Strona:Maria Rodziewiczówna - Nieoswojone Ptaki.djvu/130

Z Wikiźródeł, wolnej biblioteki
Ta strona została uwierzytelniona.

Włosy przy skórze obcięte były prawie siwe, twarz akby wyniszczona długą chorobą i opalona na bronz — oczy zimne i wygasłe, na ustach wyraz gorzkiego cynizmu i pogardy.
Podszedł do babki i pochylił się do jej ręki. Podała mu ją, jak królowa. Pocałował i dodał jako tłumaczenie spóźnienia:
— Musiałem się po podróży ogarnąć.
— Jedziesz z Orlina? — spytała tak ostrym tonem, jakiego nie znała w jej ustach Stankarowa.
— Tak! — odparł.
— Eh bien?
— Wszystko załatwione według babki woli.
Surowo, niespokojnie, pytająco nań patrzała.

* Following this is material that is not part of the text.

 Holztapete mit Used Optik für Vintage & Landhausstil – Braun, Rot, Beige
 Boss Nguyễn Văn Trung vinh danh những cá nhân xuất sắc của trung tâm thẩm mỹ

Uśmiechnął się szyderczo z pogardliwem lekceważeniem:
— Oh, pas de morts. Ma cravache a suffi! — odparł, oglądając się wokoło.
Teraz dopiero spostrzegł Stankarową i sekundę wzrok na niej zatrzymał, potem widząc, że babka jej nie prezentuje, ukłonił się w milczeniu.
Profesor się wreszcie obudził.
— Jesteś, hrabio, nareszcie? Widziałeś już, jak ci mole urządziły zbiory?
— Zniszczyły? Ha, to może będzie zajęcie zbierać na nowo.
— Jeśli cię cieszy chów moli, to dużo prościej kupuj stare futra, lub wełnę, i paś je! Przywiozłeś co nowego? Byłeś podobno w Kamerunie?